M. Patrick Braouezec. Parfois, si !

M. Richard Mallié. ...nos collègues européens ont prévu peu ou prou la même chose.

Cela étant, pendant que nous débattons, on ne parle pas des conflits au PS. (Applaudissements sur quelques bancs du groupe de l’Union pour un mouvement populaire.)

M. le président. La parole est à M. Noël Mamère.

M. Noël Mamère. Monsieur le président, monsieur le ministre, mes chers collègues, pour reprendre les propos de Mme Hostalier, de Bruno Le Roux et Julien Dray, la proposition qui nous est soumise ce soir nous pose à la fois un problème de conscience...

M. Jacques Myard. Tu as une conscience, toi ? …

M. Noël Mamère. Monsieur Myard, vous pourriez vous dispenser de ce genre de saillie qui ne vous honore pas, ni le camp auquel vous appartenez. Oui, je prétends avoir, tout autant que vous, une conscience laïque, celle d’un représentant du peuple, porteur d’une part de la souveraineté nationale au même titre que vous, même si je suis dans l’opposition aujourd’hui.

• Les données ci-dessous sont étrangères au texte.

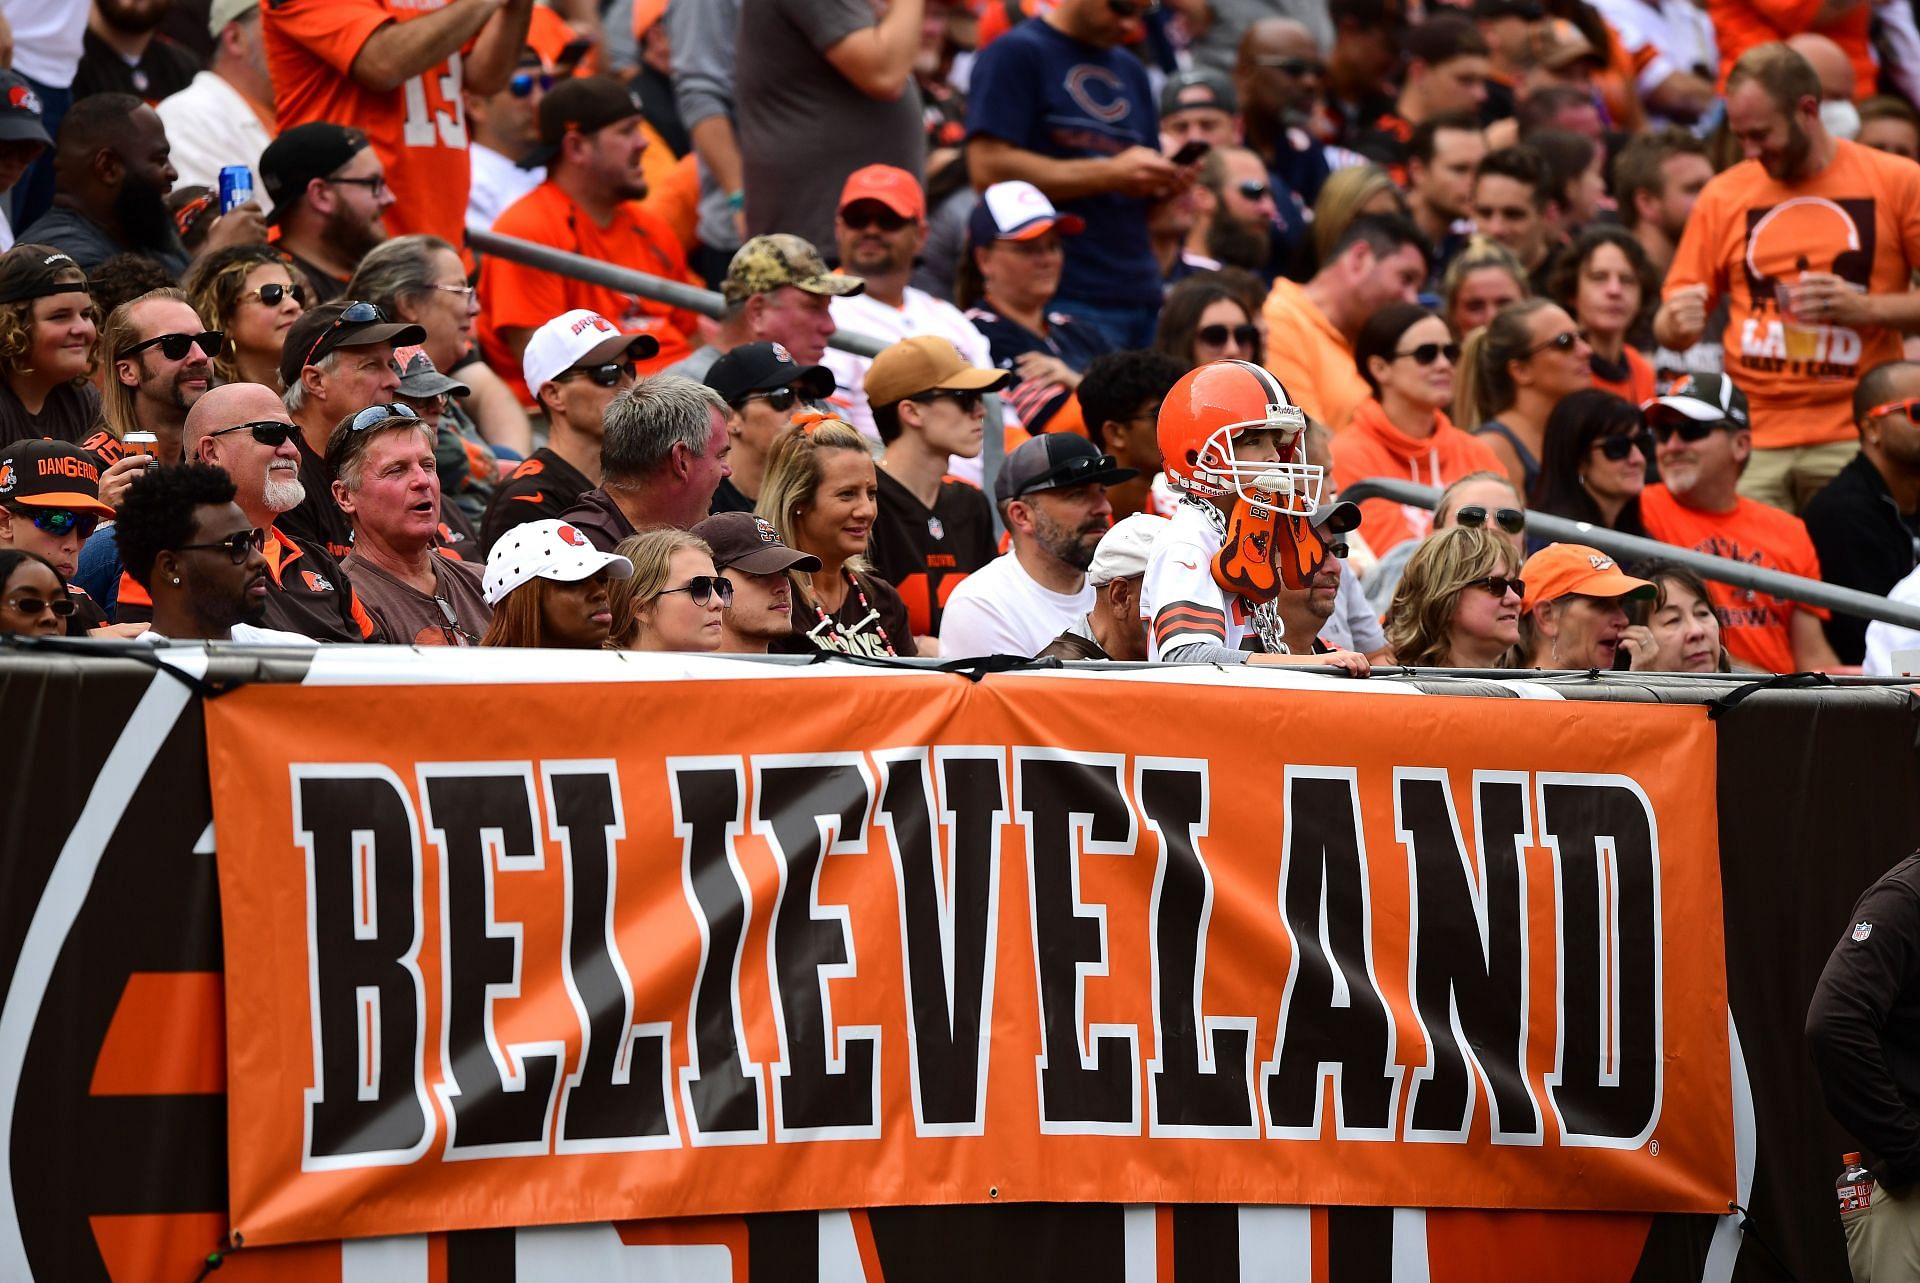 Cleveland Browns fans with Believeland sign
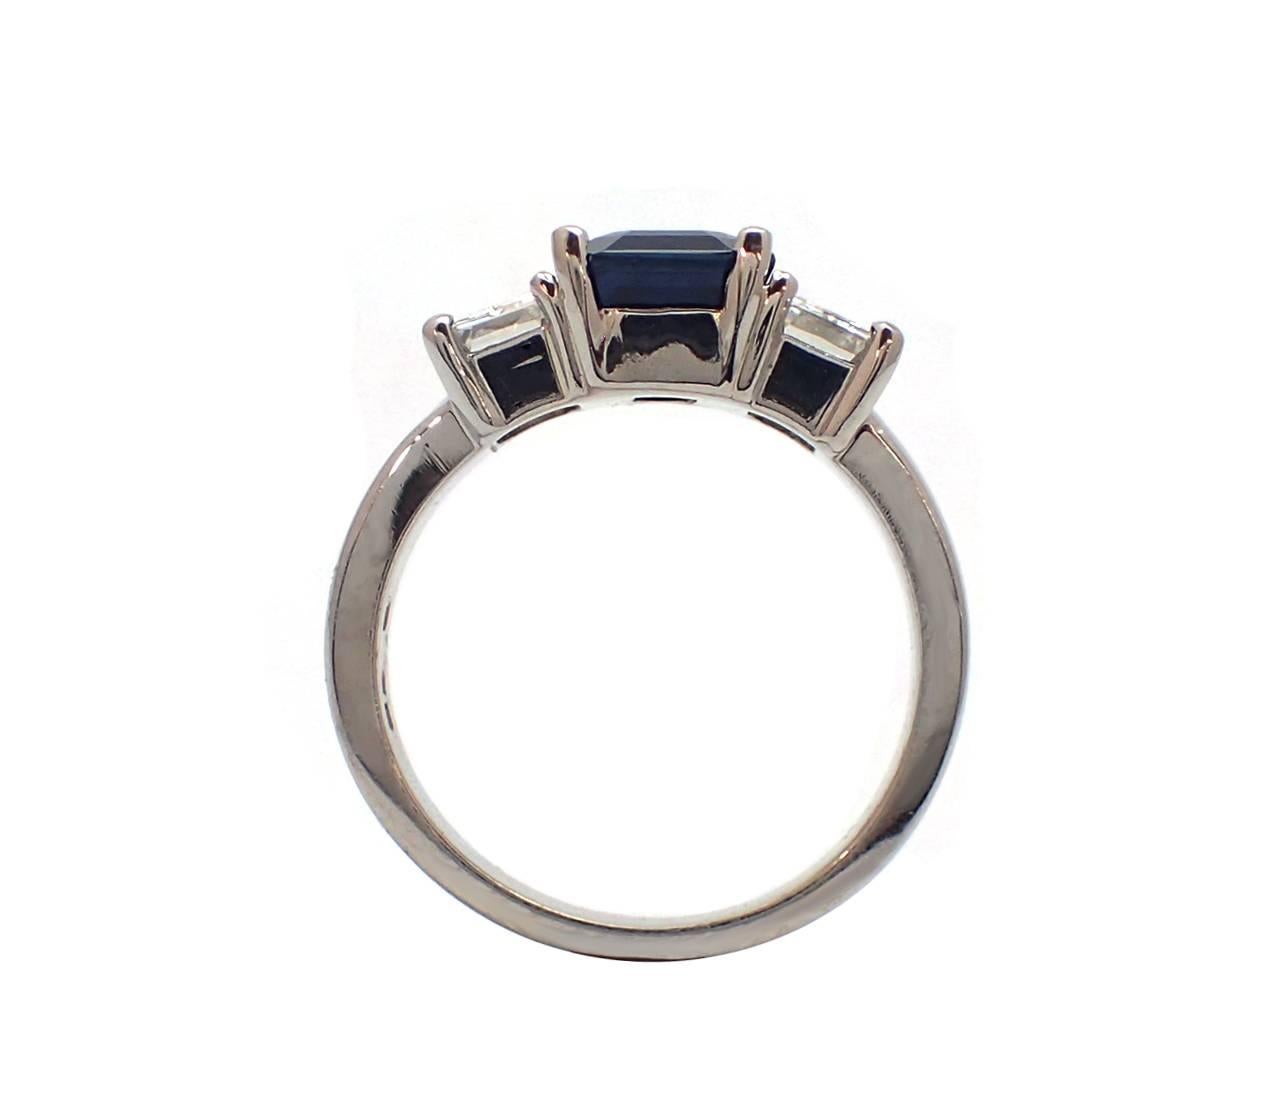 This beautiful platinum ring features a stunning 3.24ct emerald cut sapphire set between two emerald cut diamonds totaling 1.53ct. Wear this ring for a classic, timeless look with a pop of color! Finger size 7 1/4 (Sizable).  Medium-medium dark blue

Nous avons un problème de conscience et de droit. J’ai sur mon pupitre le code civil que nous élaborons ensemble, lequel indique bien que la filiation n’est pas biologique, mais qu’elle s’établit par le biais de la reconnaissance. Le juge qui dit le droit, en l’espèce la Cour de cassation, a plusieurs fois confirmé cette conception de la famille, au terme d’une évolution qui s’est faite au fil des années.

Pourquoi avons-nous un problème de droit ? Parce que notre rapporteur, dans un grand élan que je qualifierai de démagogique et populiste…

M. Jacques Myard. Parole d’expert !

M. Noël Mamère. …– comme l’a dit Julien Dray : c’est de la surenchère – est en train de porter un coup de poignard au code civil et de remettre en cause des décennies de lois et de droit sur la famille. La presse l’a souligné à plusieurs reprises, cet amendement réduit la notion de famille à une entité biologique. Rappelons qu’en 1994 et 2004, députés de la majorité et de l’opposition s’étaient accordés dans cet hémicycle pour que les tests génétiques ne puissent être appliqués qu’à des fins juridiques ou médicales, en s’opposant à leur utilisation pour établir la filiation.

À travers cet amendement, il y a donc la volonté manifeste d’imposer une discrimination, une ségrégation entre des familles françaises qui seraient soumises à la loi, et notamment au Code civil, et des familles étrangères…

M. Manuel Valls. Ou françaises !

M. Noël Mamère. …ou françaises, puisqu’il s’agit des conjoints de Français, qui seraient soumises à un droit d’une autre nature, ou à un autre degré du droit. Peut-on l’accepter dans une société démocratique ?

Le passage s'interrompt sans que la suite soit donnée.